ところで、近年、クライン氏は直観とは別に人間の創造性を高める新しい能力を発見している。それが、「洞察力(Insight)」である。
直観とは、私たちが過去に習得した問題解決や目的達成の行動パターンを潜在意識レベルで組み合わせて発揮する心の働き(現象)のことをいう。
直観に対して、クライン氏は洞察力のことを「見えない本質を見抜き、問題解決や目的達成のための新しい行動パターンを発見する能力」と定義している。
たとえば、私たちが仕事、学問、芸術、スポーツなどで創造性を発揮するには、大きく2通りの方法がある。
1つは、過去に学んだ思考パターンや知識を新しく組み合わせてみること。
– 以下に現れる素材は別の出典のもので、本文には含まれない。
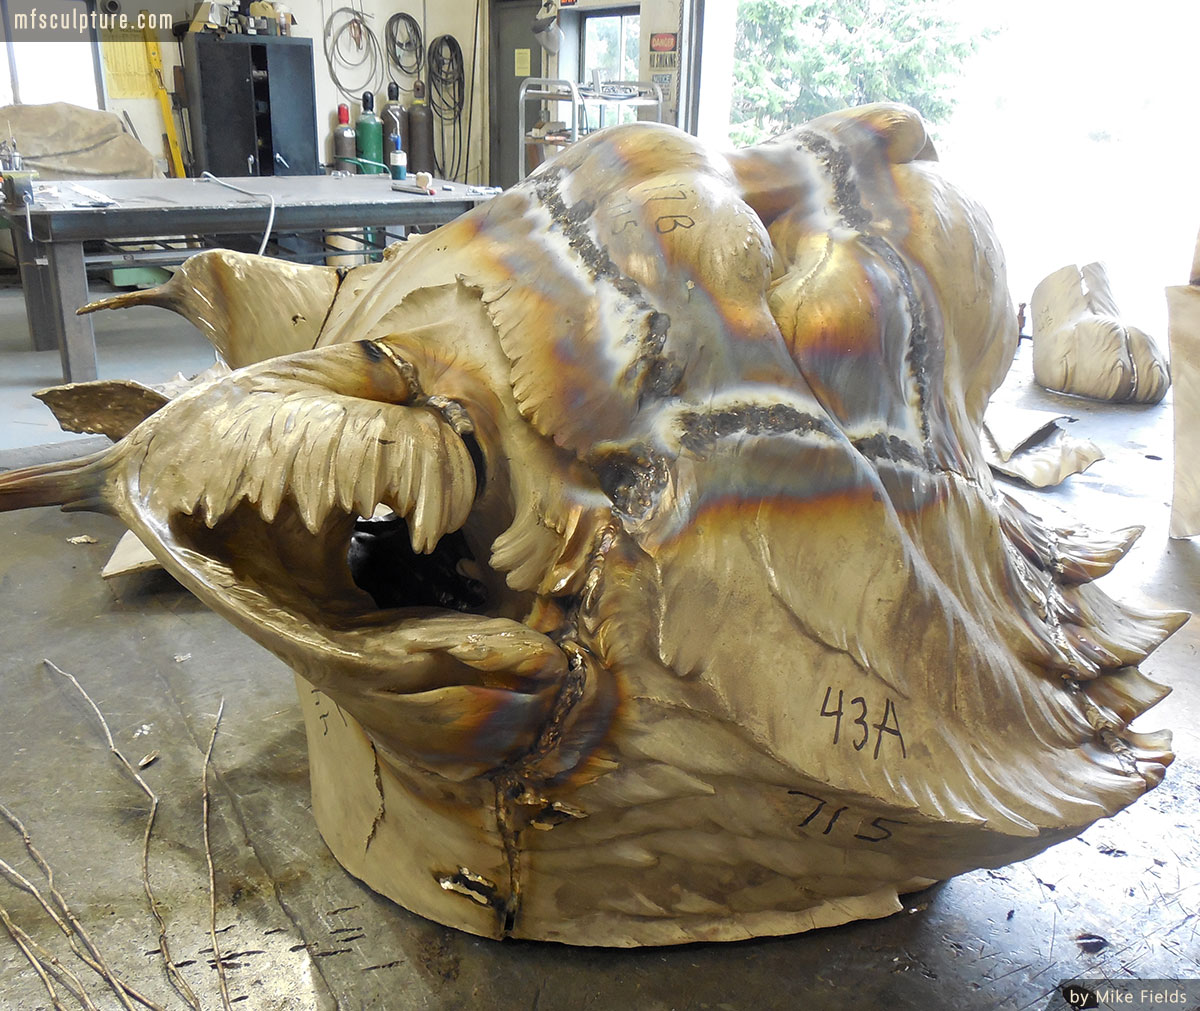 JWU University Wildcat Mascot Lost Wax Investment Casting Bobcat Monument 8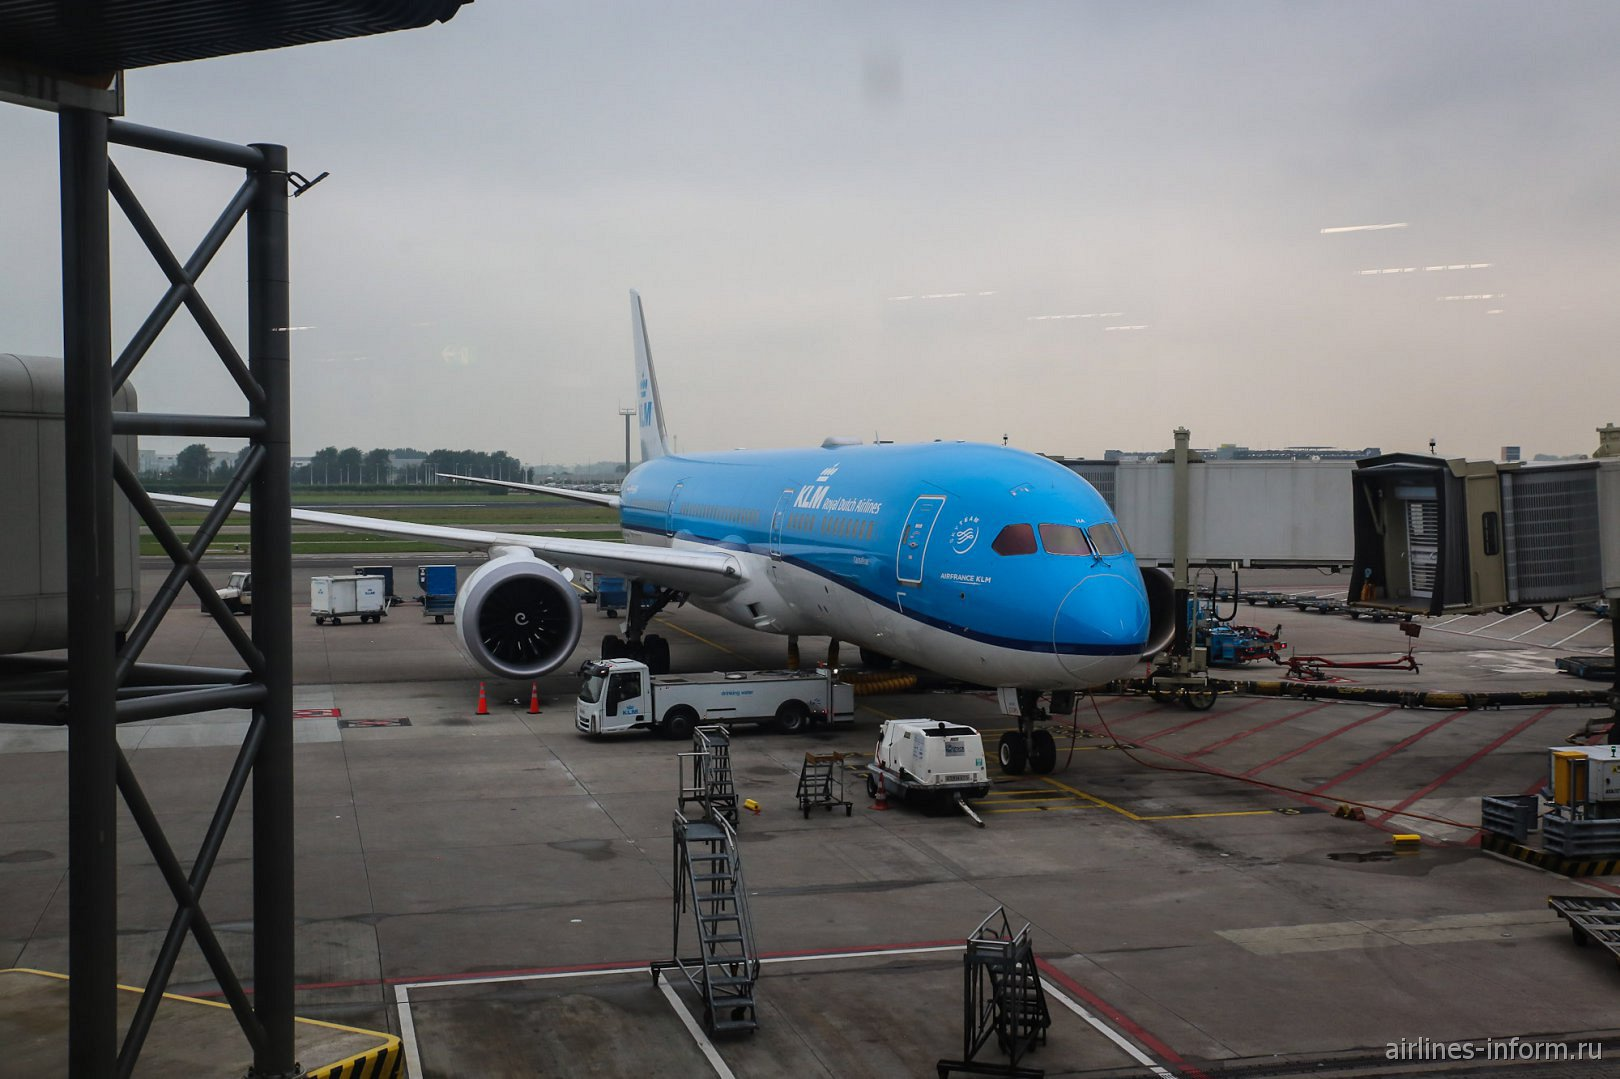 Боинг-787-9 авиакомпании KLM в аэропорту Амстердама

もう1つは、今まで発見されていなかった思考パターンを見つけることで目的を達成し、新しい知識を獲得することである。
「パフォーマンスの方程式」
創造性
↑
パフォーマンス= ミス&不確実性 + 洞察力
↓
正確性
この方程式の図は、「人間のパフォーマンス(技能、性能、生産性という3つの言葉の意味が含まれている)は、どれだけミスや不確実性を抑え、同時に、どれだけ洞察力を働かせることができるかにかかっている」ということを意味している。
パフォーマンスの方程式の上下方向の矢印からわかるように、クライン氏は、人がパフォーマンスを向上させるには正確性と創造性の両方を追求しなくてはならないと指摘する。
ただし、クライン氏は、「私たちが判断や作業の正確性だけに固執するのであれば、直感や洞察力が働かなくなり、結局、創造性の芽がつまれてしまう」と懸念する。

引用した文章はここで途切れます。